Colorado's and Mississippi's Medicaid programs have ordered hospitals to report which medications they receive 340B discounts for, marking the latest effort to curb state drug spending.
Currently, many states don't know what hospitals are paying for drugs after rebates, which may inflate state government drug spending under Medicaid. The information would allow them to adjust reimbursements or determine which drugs weren't discounted so the state can seek drugmaker rebates.
Hospitals in the states have until Nov. 1 to give Colorado and Mississippi the 340B information, and their drug claims could be denied if they fail to comply with the requirement.
In Mississippi, providers must identify 340B-purchased drugs on medical and retail pharmacy claims submitted to the state for Medicaid payment. Colorado's notice targets retail pharmacies at hospitals, which need to indicate if they provide only 340B-purchased drugs or no 340B-purchased drugs to Medicaid enrollees. They must choose one or the other.
If hospitals choose to supply 340B drugs in their retail pharmacies, they must submit the 340B acquisition cost data to the state.
States across the country have been issuing similar notices at the CMS' urging, according to Maureen Testoni, interim president and CEO of the hospital trade group 340B Health.
"What CMS has been trying to do is get states to reduce how much Medicaid is paying out for drugs," Testoni said.
At least 26 other states including California, Texas and Florida have drafted and submitted state plan amendments to the CMS that will allow them to better gauge which medications hospitals are purchasing under the 340B program and their acquisition costs, according to a roundup by Simon&Co., a health policy firm.

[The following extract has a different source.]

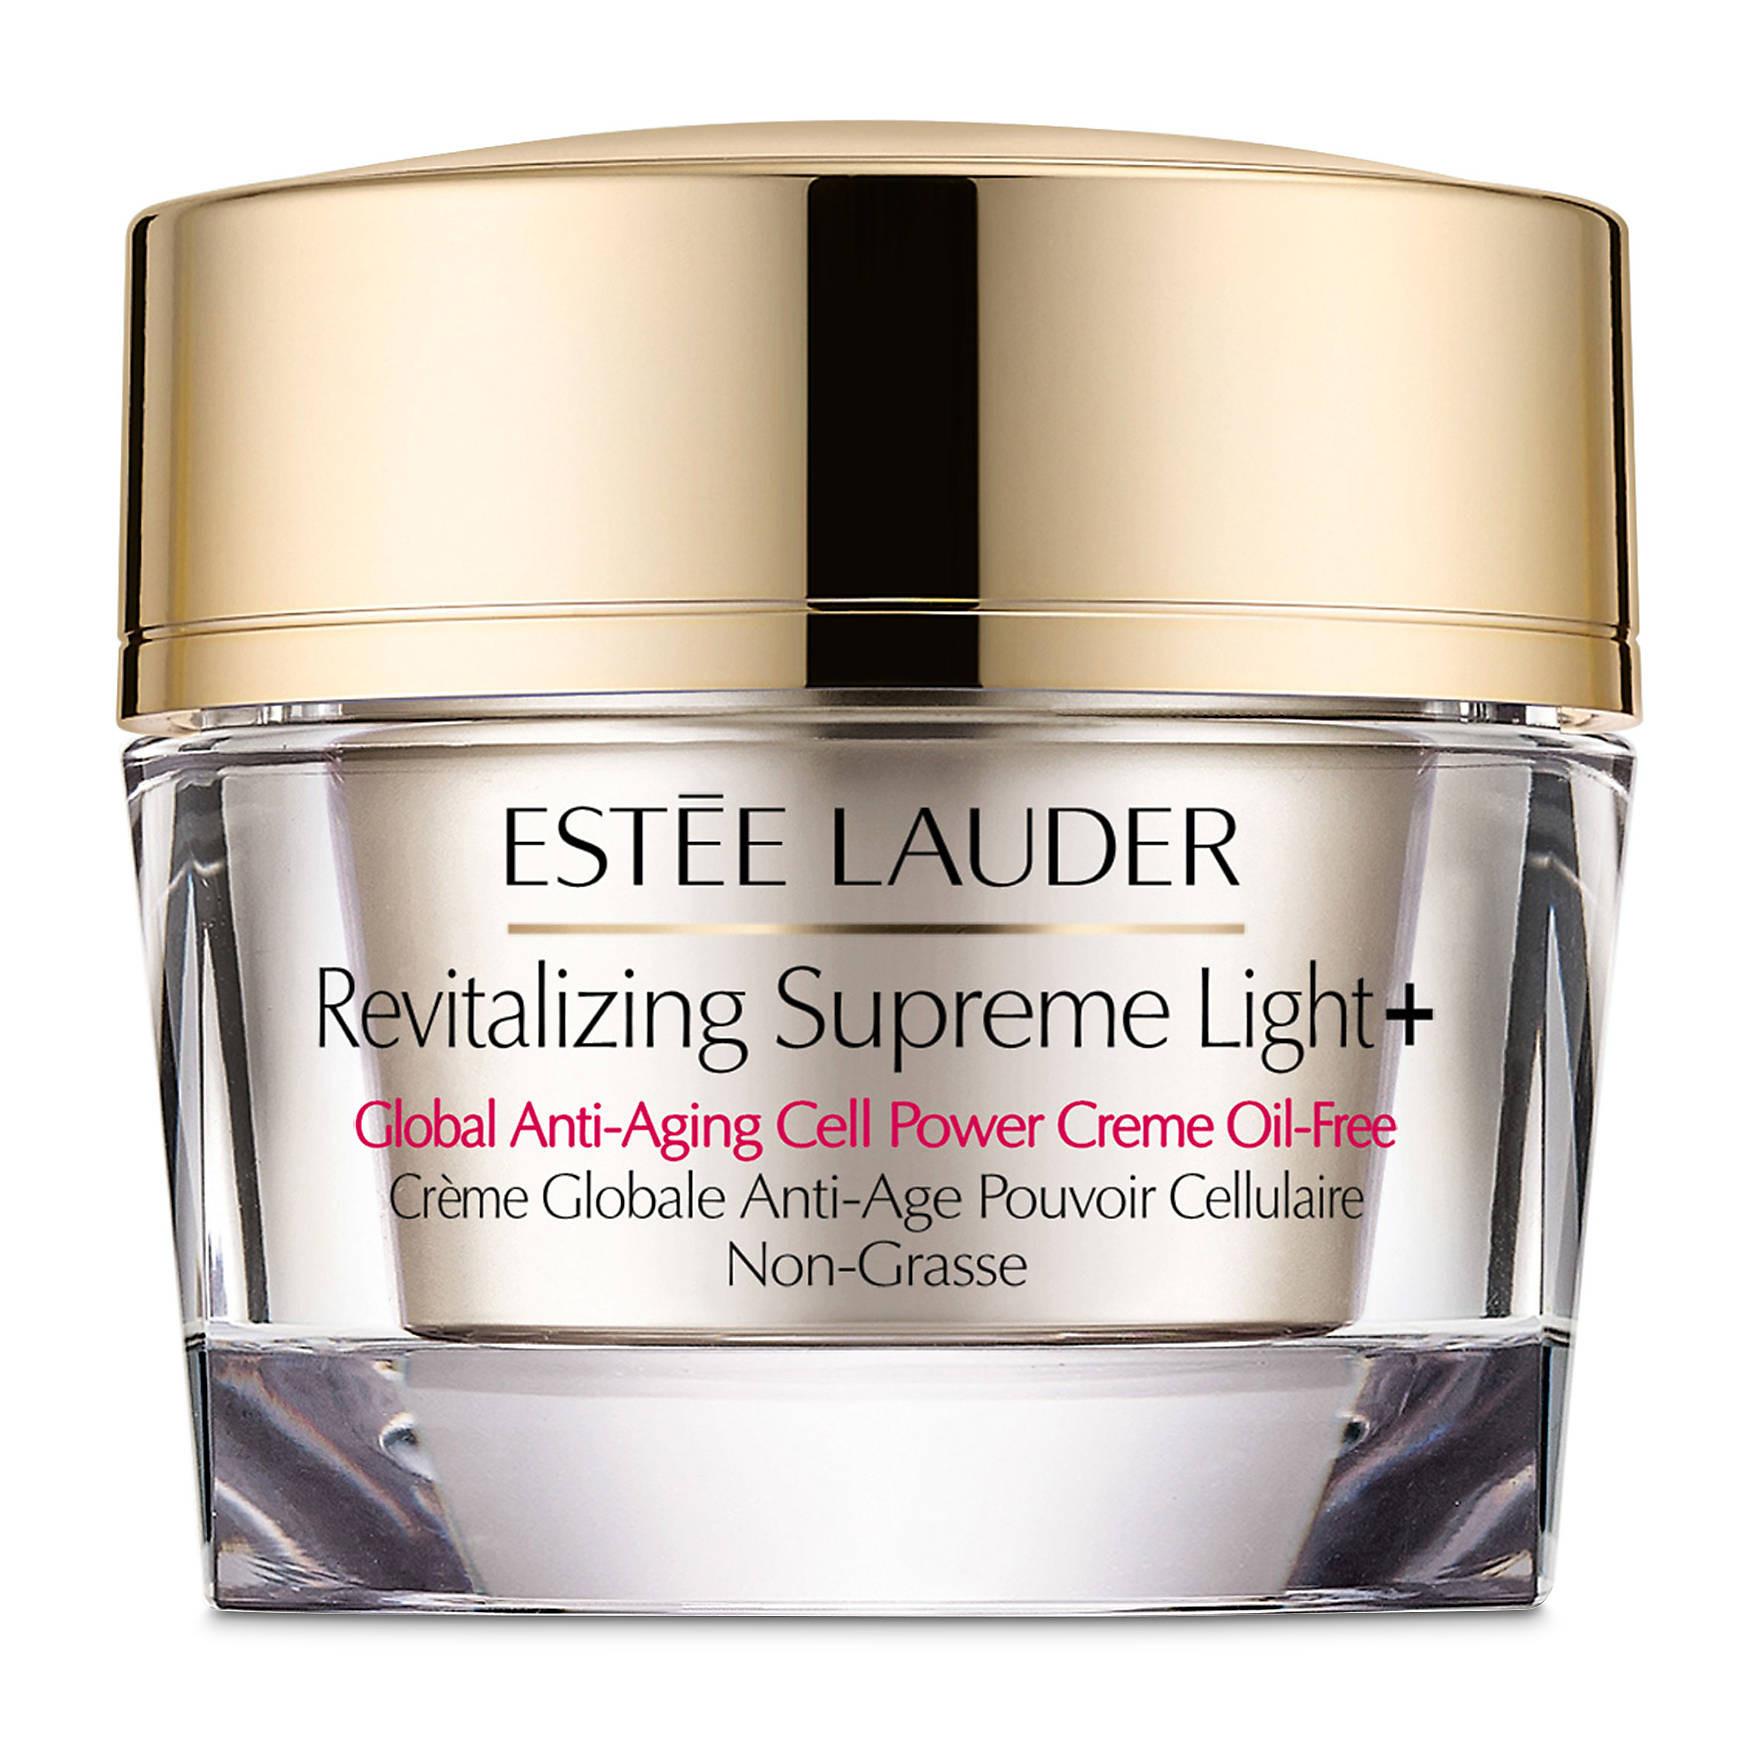 Estée Lauder Revitalizing Supreme Light+ Global Anti-Aging Cell Power Creme Oil-Free
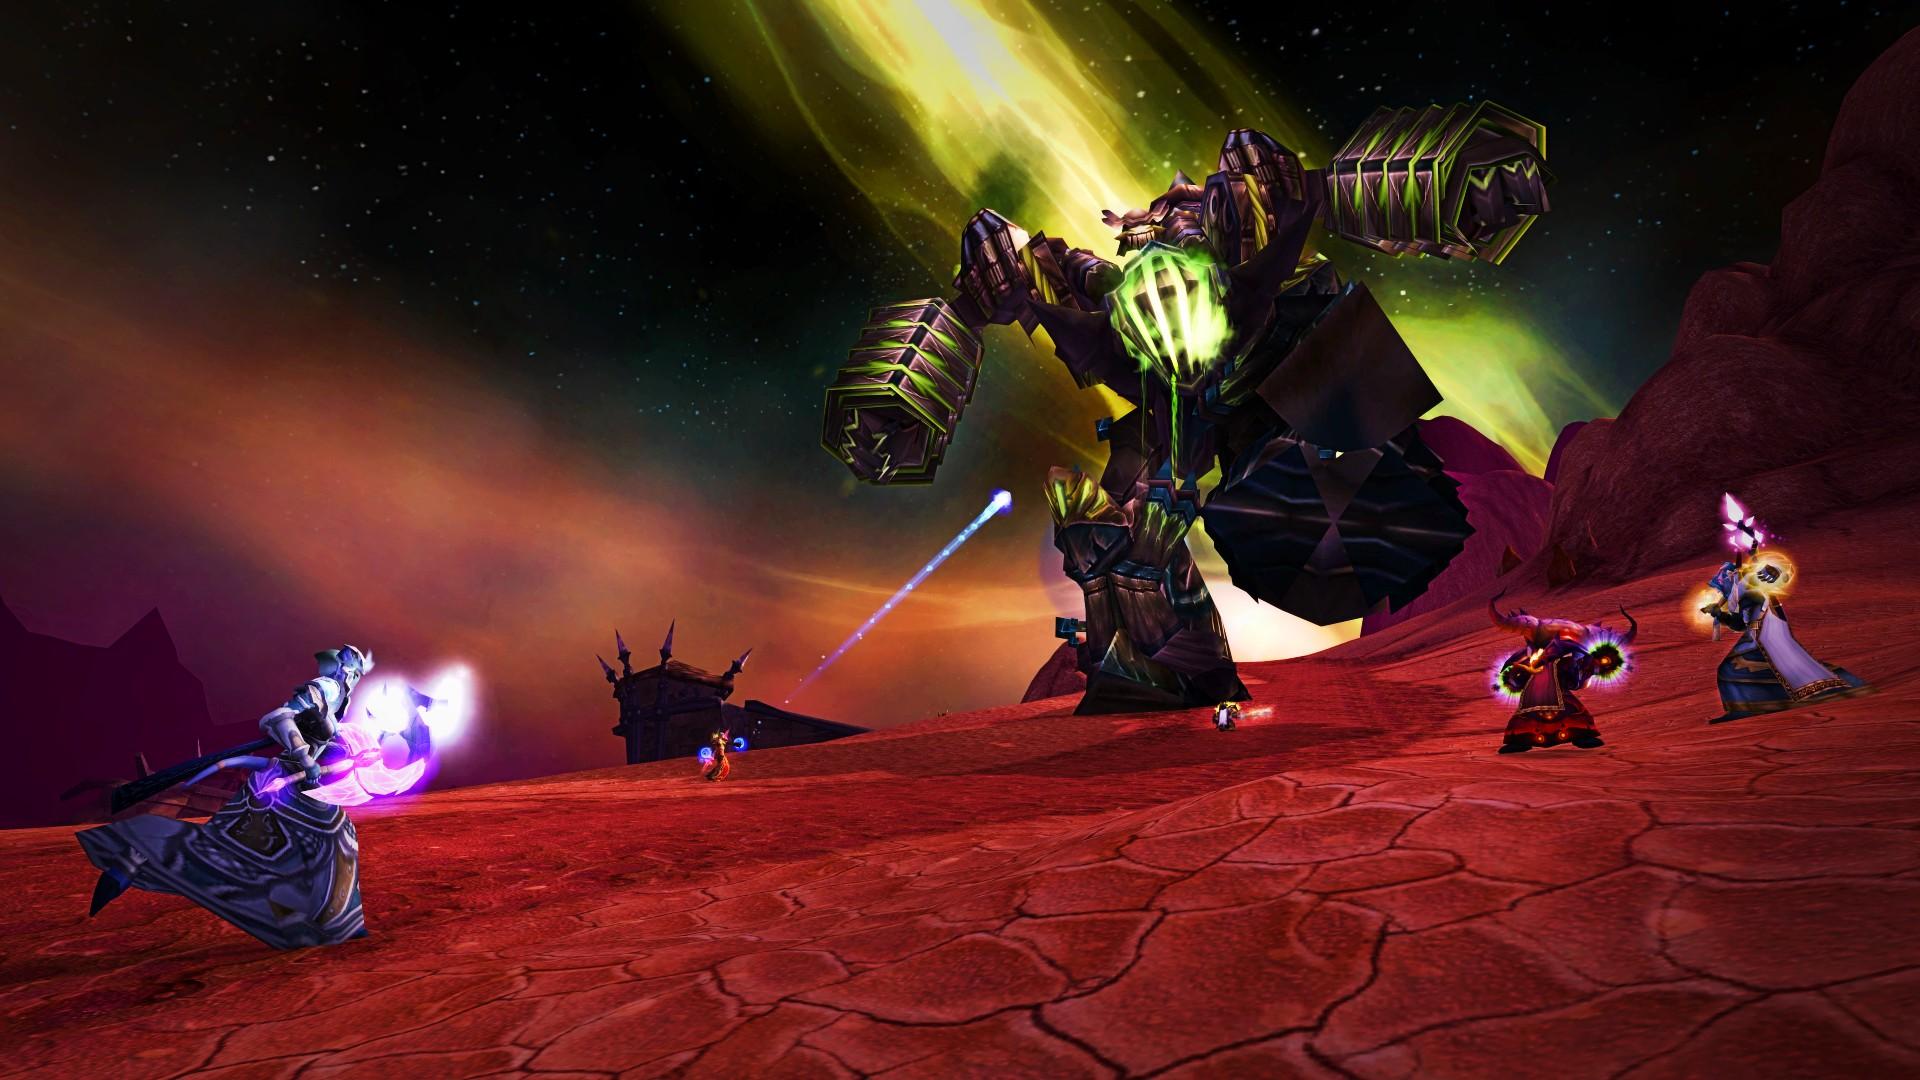 World of Warcraft: Burning Crusade release time confirmed

Federal law prohibits states from claiming rebates on drugs that were already discounted under the 340B program.
States must register with HHS' Health Resources and Services Administration (HRSA) as 340B entities, and Mississippi officials assumed that any drugs these hospitals were billing were purchased via the federal drug discount program, according to Matt Westerfield, spokesman for Mississippi's Division of Medicaid.
"We automatically did not collect a rebate," Westerfield said. "Recognizing that substantial amounts of rebates were not being collected, CMS instructed states to modify their systems to identify which drugs were purchased with the 340B discount and which were not."
In fiscal year 2015, the last year for which data are available, Medicaid spent approximately $53 billion on drugs, but was able to get $24 billion in rebates bringing actual spending down to $29 billion, according to federal statistics. That's up from the prior fiscal year 2014, during which Medicaid spent approximately $42 billion on prescription drugs and collected about $20 billion in rebates, for net drug spending of $22 billion, according to federal data.
Enrollment in the program has only grown in recent years, hitting 72 million in 2016, up from just over 65 million people in 2014.
Complying with the notice from Mississippi will be easier since the CMS required a similar modifier for Medicare claims, according to Jillian Foster, system administrator of pharmacy of Baptist Memorial Health, which collectively has 21 hospitals in Mississippi, Tennessee and Arkansas.
The CMS outlined the mandate in the 2018 outpatient pay rule, which went into effect Jan.1. Baptist Memorial was able to work with its EHR vendor Epic to expand the identifying capability to Medicaid claims.
However, the process could have been simpler if the CMS worked closer with states.
"The thing that would have been helpful is if the same modifier could be used for both Medicare and Medicaid," Foster said.
As each state Medicaid agency begins to issue similar notices, each will have different modifiers, she said.
The CMS also pushed for greater clarity on the use of 340B in Medicaid so that it can ensure it's reimbursing based on actual acquisition costs for a drug, Testoni said.
Colorado's request is based on a 2016 rule from the CMS that states require retail pharmacies to ensure drugs are reimbursed on actual acquisition cost, according to Greg Doggett, vice president of legal and policy counsel for 340B Health.
States were giving extensive flexibility to implement the rule which is why some states are just now rolling out guidelines, he said.
It's unclear how much money Medicaid may save since data are scarce on how often states paid hospitals more than acquisition costs and how vast the difference between the two price points were, according to Testoni.